The company chief compliance officer, Frances Townsend, sent out an internal memo calling the lawsuit ‘truly meritless and irresponsible’. As a result, more than 3,000 former and current Activision Blizzard employees signed a letter rebuking the firm, while more than 1,500 employees staged a walkout.
Bobby Kotick, the company’s CEO, apologized to employees this week, called its response to the lawsuit ‘irresponsible’ and ordered an investigation into its cultural by an external law firm.
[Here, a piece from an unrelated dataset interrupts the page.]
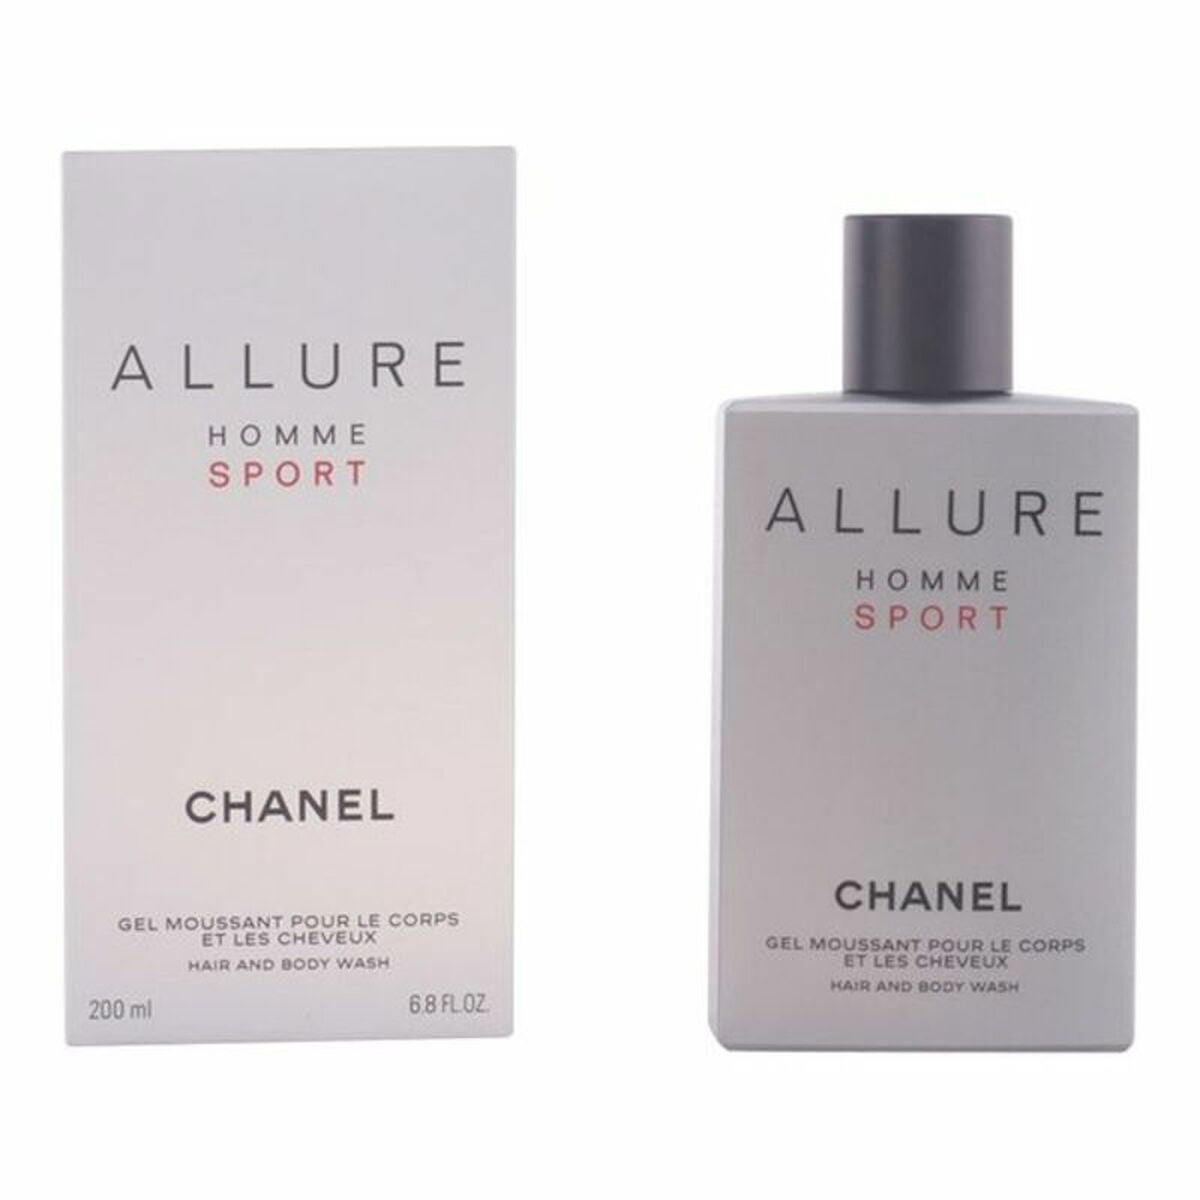 Kaufe Duschgel Chanel Allure Homme Sport 200 ml bei AWK Flagship um € 67.00

Kotick has recently faced significant scrutiny for his $155 mn pay package, which makes him one of the highest-paid executives in the US.
- Neiman Marcus Group has appointed Hannah Kim as its new chief legal and compliance officer, according to the WSJ. Kim most recently served as chief legal officer at Energizer Holdings and brings significant ESG experience – an area of focus for Neiman Marcus Group, according to the newspaper.
- Shares in the commission-free trading platform Robinhood fell 8.4 percent on their first day of trading, the New York Times reported. The company completed its IPO on July 29 and by the end of the first day of trading, the company was valued at $29 bn.
Shares in 2021 IPOs jumped by 39 percent, on average, on their first day of trading, according to data from Dealogic, but The New York Times reported that it has been an especially busy period for IPOs, with 25 companies going public this week alone.
- The US attorney’s office in Manhattan has accused Nikola founder Trevor Milton of lying about ‘nearly all aspects of the business’ and charged him with two counts of securities fraud and one count of wire fraud, CNBC reported. The SEC also filed civil securities fraud charges against Milton and is seeking action to prevent him from acting as an officer at a company that issues securities ever again.
Milton, who stepped down as Nikola’s chairman in September 2020, is accused of pumping the company’s stock for his own gain and using the company’s route to the public markets – via a special purpose acquisition company (Spac) – to target amateur retail investors.
Milton’s legal team asserts his innocence.